Penn Museum researcher helps empower Turkish women
The Turkish archaeological site of Gordion is best known for the “Midas Tomb”—a dome of earth built to house the remains of an ancient notable who, until recently, was believed to be Phyrgian King Midas, famed for his wealth. (More recent dating suggests the tomb, constructed around 750 B.C.E., was actually dedicated to a predecessor of Midas.)
Since 1950, researchers from the Penn Museum have worked at Gordion to learn about the habits and culture of its ancient people. But amidst the ancient settlement, a modern village thrives.
It is called Yassıhöyük and it, as well as 12 others, has caught the scholarly attention of Ayşe Gürsan-Salzmann, a research scholar at the Penn Museum. Gürsan-Salzmann has spent a portion of every year but two since 1995 conducting what she terms “ethno-archaeological” research in Turkey, using an anthropologist’s eye to study residents’ agricultural and pastoral practices.
“I’ve always been interested in how people make a living by working on their land,” she says.
Women play a valued role in these communities. While men attend to much of the agricultural work and animal husbandry, women are responsible for raising and processing garden crops and milk byproducts—important sources of family income. As a result, women hold elevated positions in families and in village life, Gürsan-Salzmann says.

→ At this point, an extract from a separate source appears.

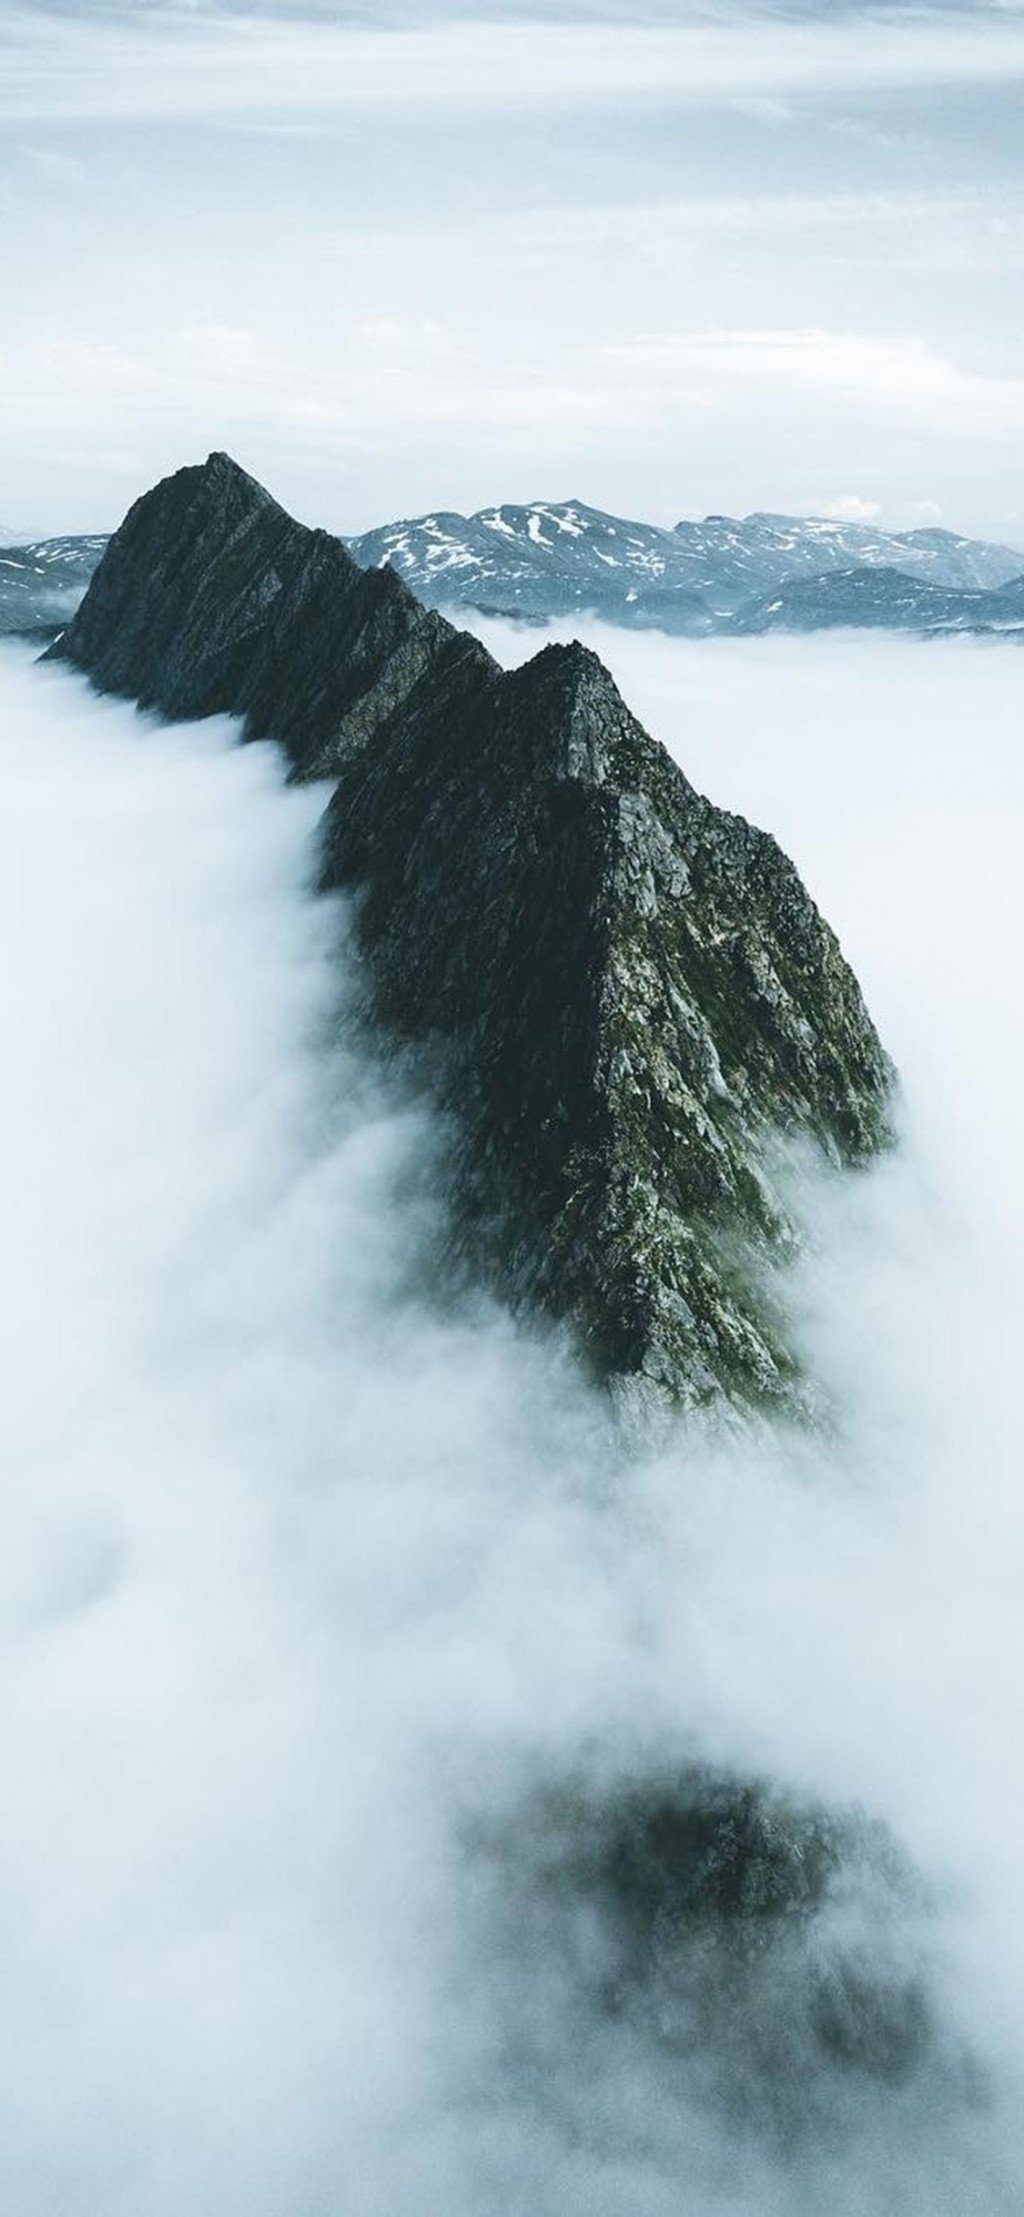 自然高山风景手机壁纸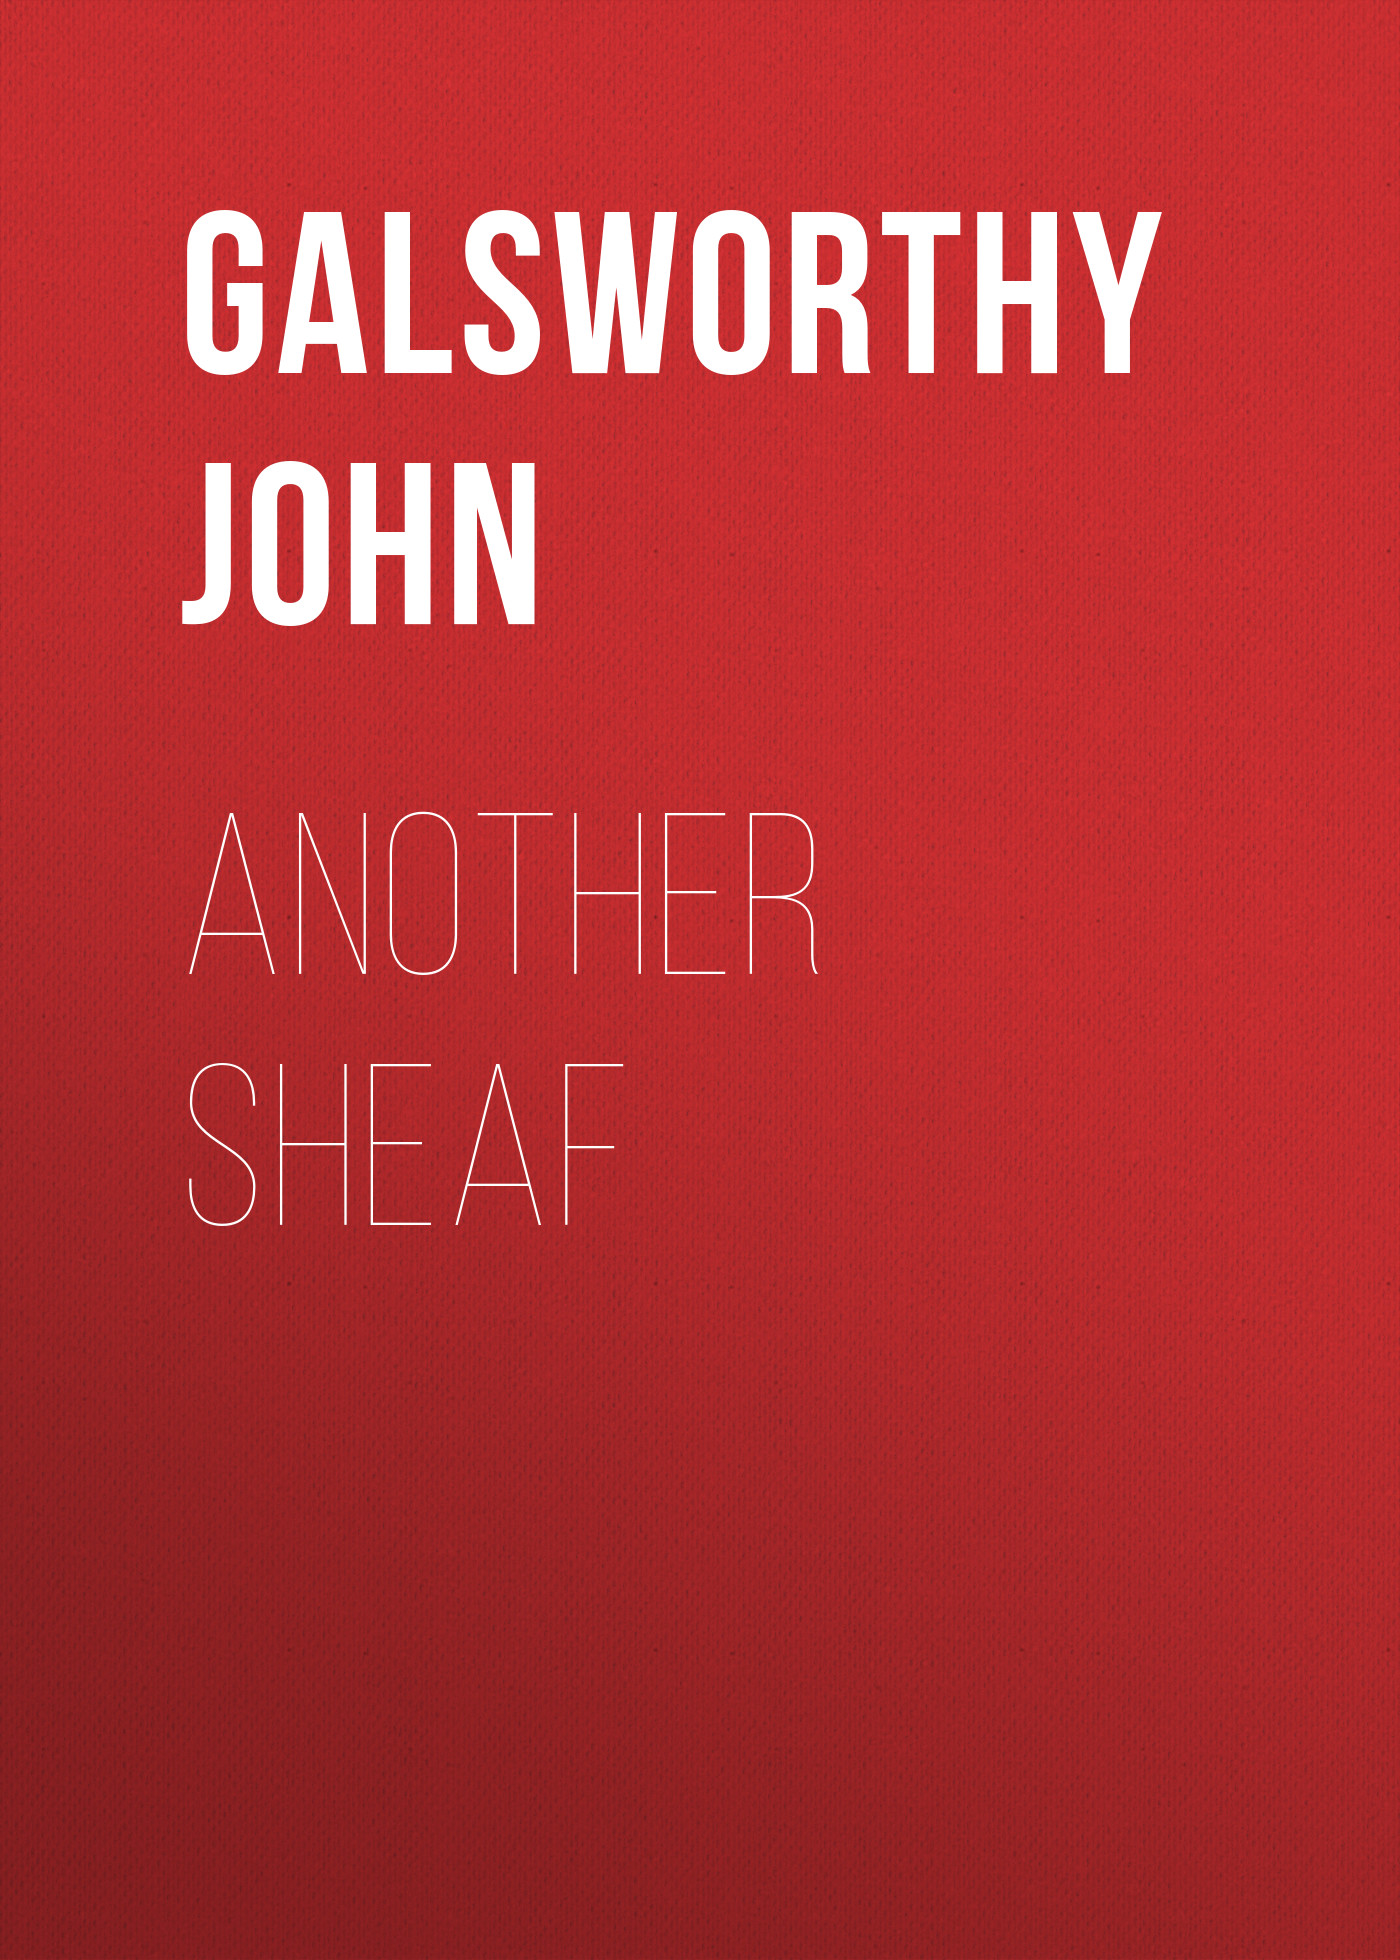 Книга Another Sheaf из серии , созданная John Galsworthy, может относится к жанру Зарубежная старинная литература, Зарубежная классика, Эссе. Стоимость электронной книги Another Sheaf с идентификатором 24859395 составляет 0 руб.

In the past few years, Gürsan-Salzmann has taken steps to help women in Yassıhöyük further elevate their status. Providing logistical and financial support, she has helped establish a women’s cooperative market that offers goods to village locals and tourists. Officially launched in 2011, the cooperative sells handmade crafts, including knitted clothing and lacework, amulets made from seeds, and beaded jewelry. The women also produce foodstuffs to sell, based on the foods they preserve for the winter. These include cheese, fruit jams, and a traditional Turkish soup called tarhana.
“The powdered soup they make is wonderful,” Gürsan-Salzmann says. “It’s the most organic thing you’ve ever eaten. It consists of yogurt, wheat, sundried tomatoes, sundried pepper, and then added to this is dry mint. Every ingredient is produced in the village.”
The women now contribute a portion of their sales back into the cooperative to fund the production of the next season’s goods. Not only does the market provide the women with a small amount of additional income, it is also affecting a deeper change in those who participate, Gürsan-Salzmann notes, due to the influx of tourists from all over the world.
“The women are beginning to be very aware of their interactions with people outside of the region, even if they don’t speak the same language,” she says. “They’re gaining an understanding of themselves, the world outside the village, and the historical landscape of which they and their families are a part.”